The Kenya Forest Service (KFS) in partnership with the county government of Kisii has begun substituting eucalyptus trees with indigenous and fruit trees that provide high-value products.

Speaking during the commemoration of the International Day of Forests held at Nyanturago Wetland, the County Forest Conservator, Mr. Wellington Ndaka said they are going to systematically uproot the eucalyptus trees within river lines and water shades in a regulated manner.

Ndaka asked eucalyptus tree farmers not to panic, but instead work together with KFS so that the process is conducted in a way that does not hurt the farmers or the economy.

Kisii County had earlier on issued a directive for farmers to uproot the high water-consuming eucalyptus trees as part of protecting the water sources in the county.

The County Forest Conservator noted that Kisii County has a forest cover of 15.06 percent and has surpassed the nationwide target of 10 percent, therefore, they are aiming at reaching 30 percent by 2030 as part of the Presidential directive of planting 15 billion trees.

He pointed out that the county had planted a total of 18,700 trees in Nyanturago wetland, Kisii National Polytechnic, and other primary schools to commemorate the International Day of Forests.

“This will go a long way in providing carbon sink and also realize multiple benefits of environmental services and goods,” Ndaka added.
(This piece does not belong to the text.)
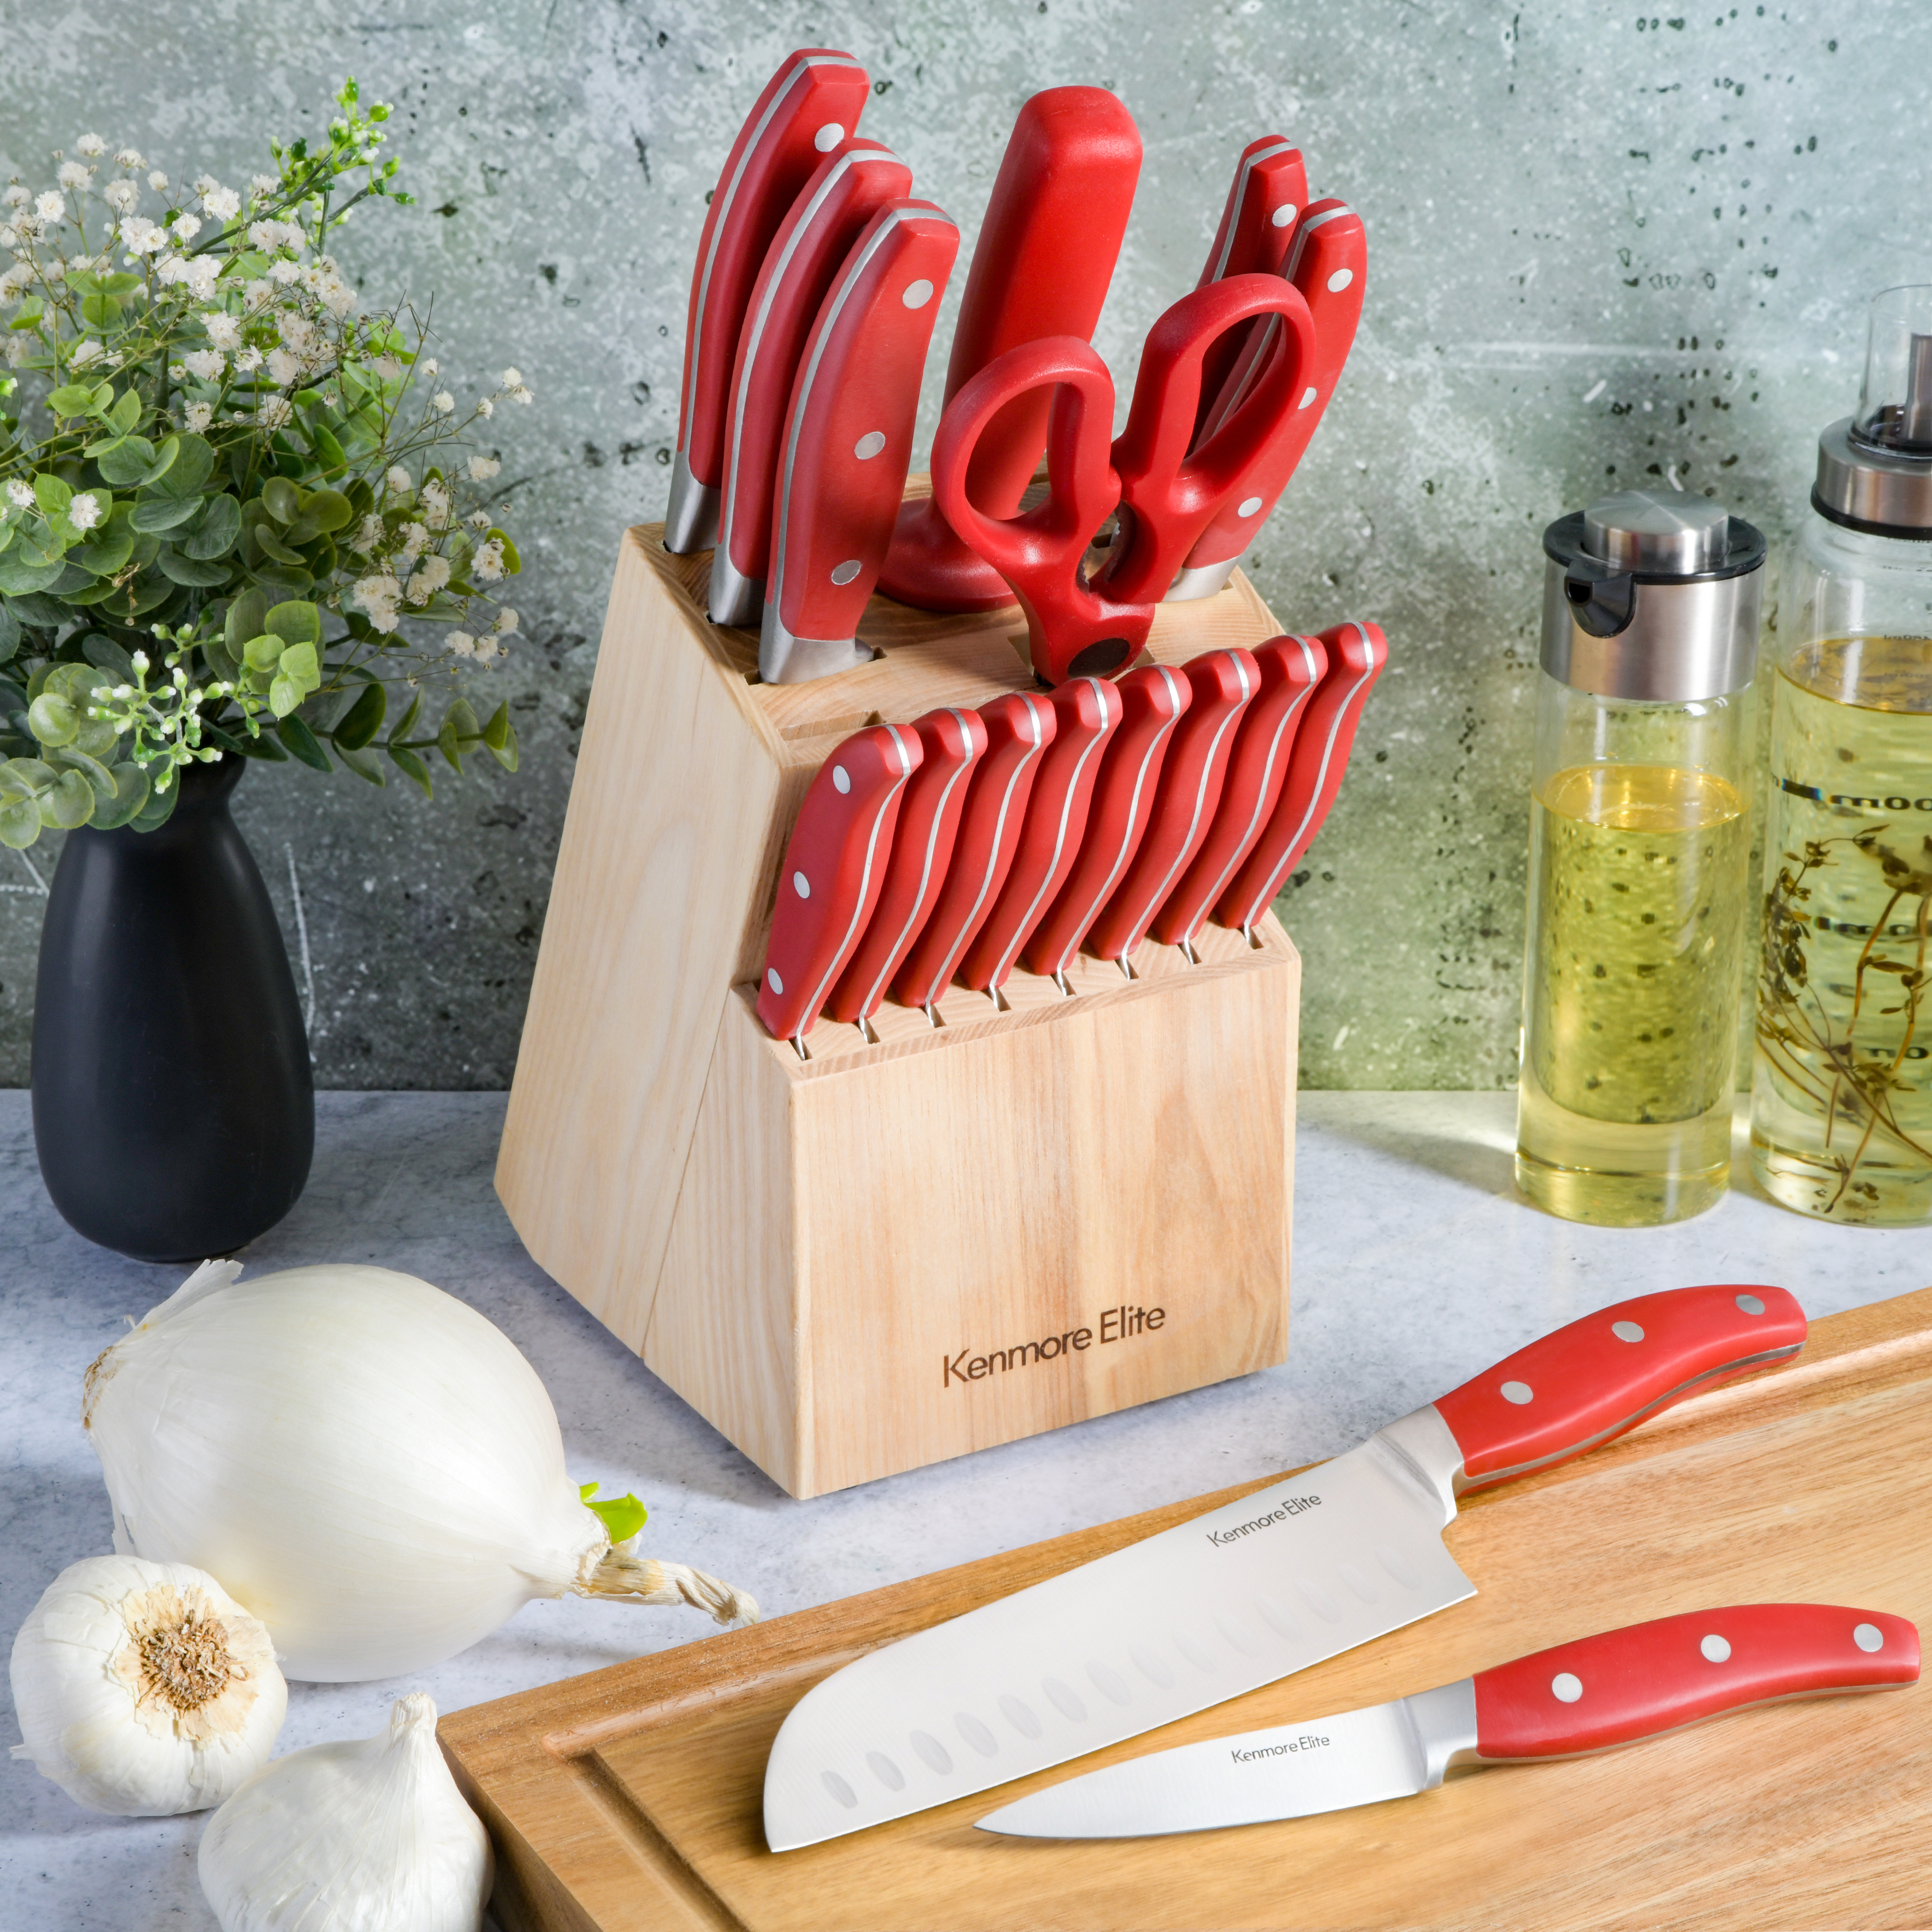 Kenmore Elite Lucas Forged Stainless Steel Kitchen Cutlery Knife Block Set, 18-Piece, Red/Ashwood (Block)
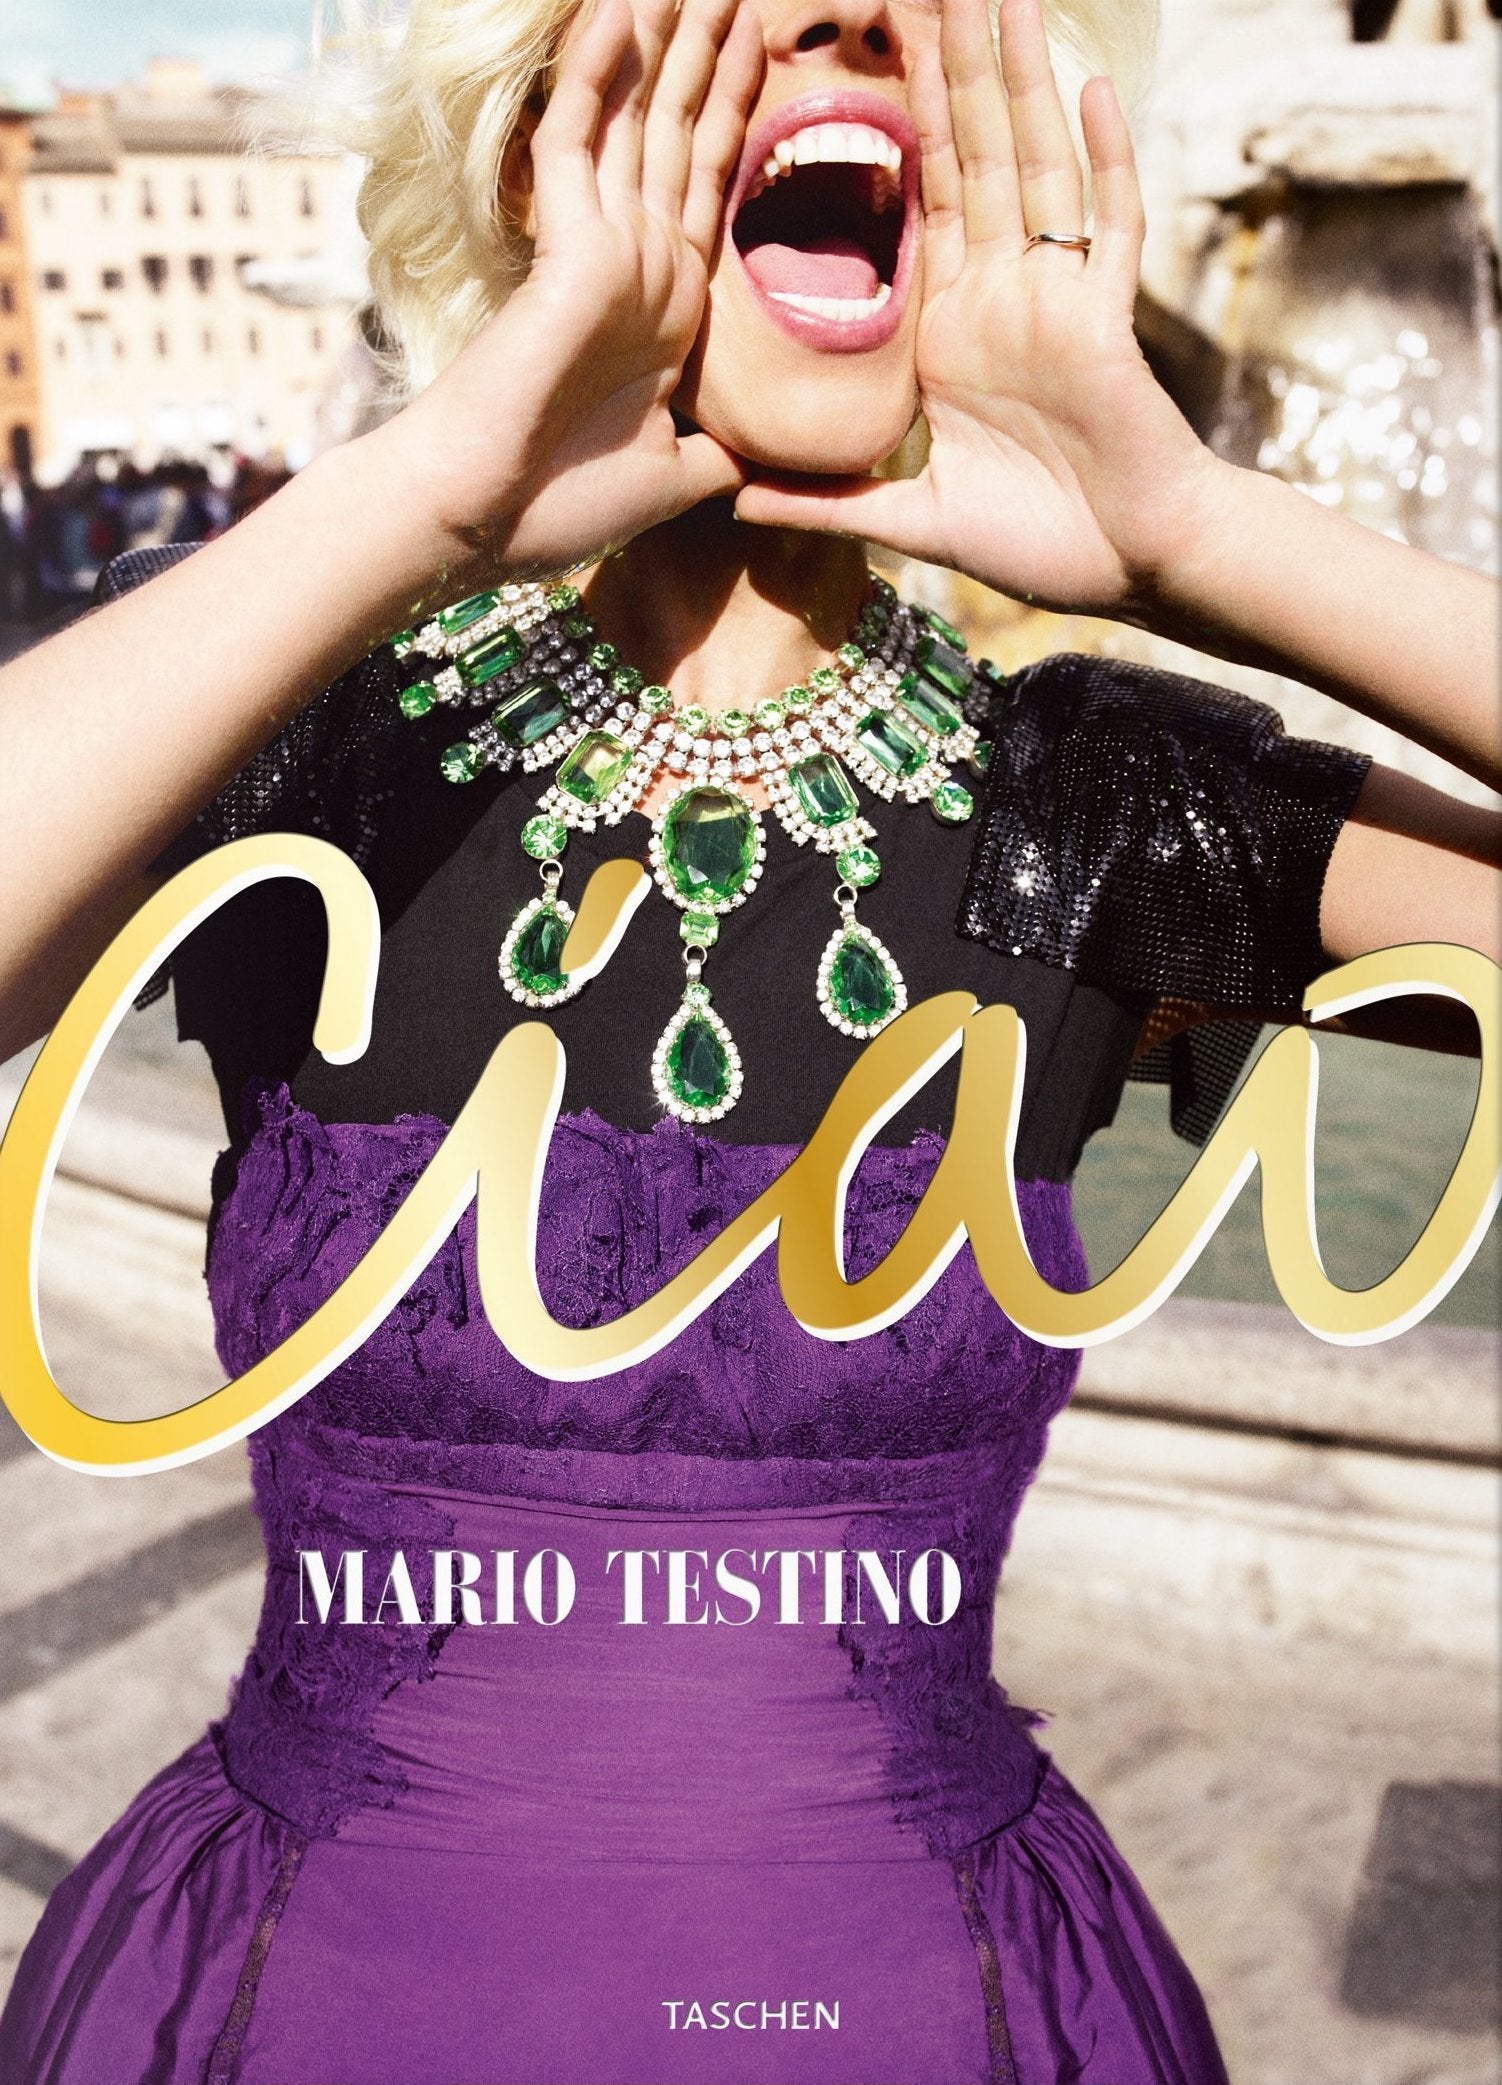 Ciao - Mario Testino

Kisii County Executive Committee Member for Environment, Mr. Ronald Nyakweba lauded KFS for their determination in the conservation of Nyanturago wetland saying the county government is also keen on ensuring that the wetland is conserved.

Nyakweba said the county administration in collaboration with the Kenya Forest Service will support the fencing of the area to prevent further encroachment of the wetland by the local residents.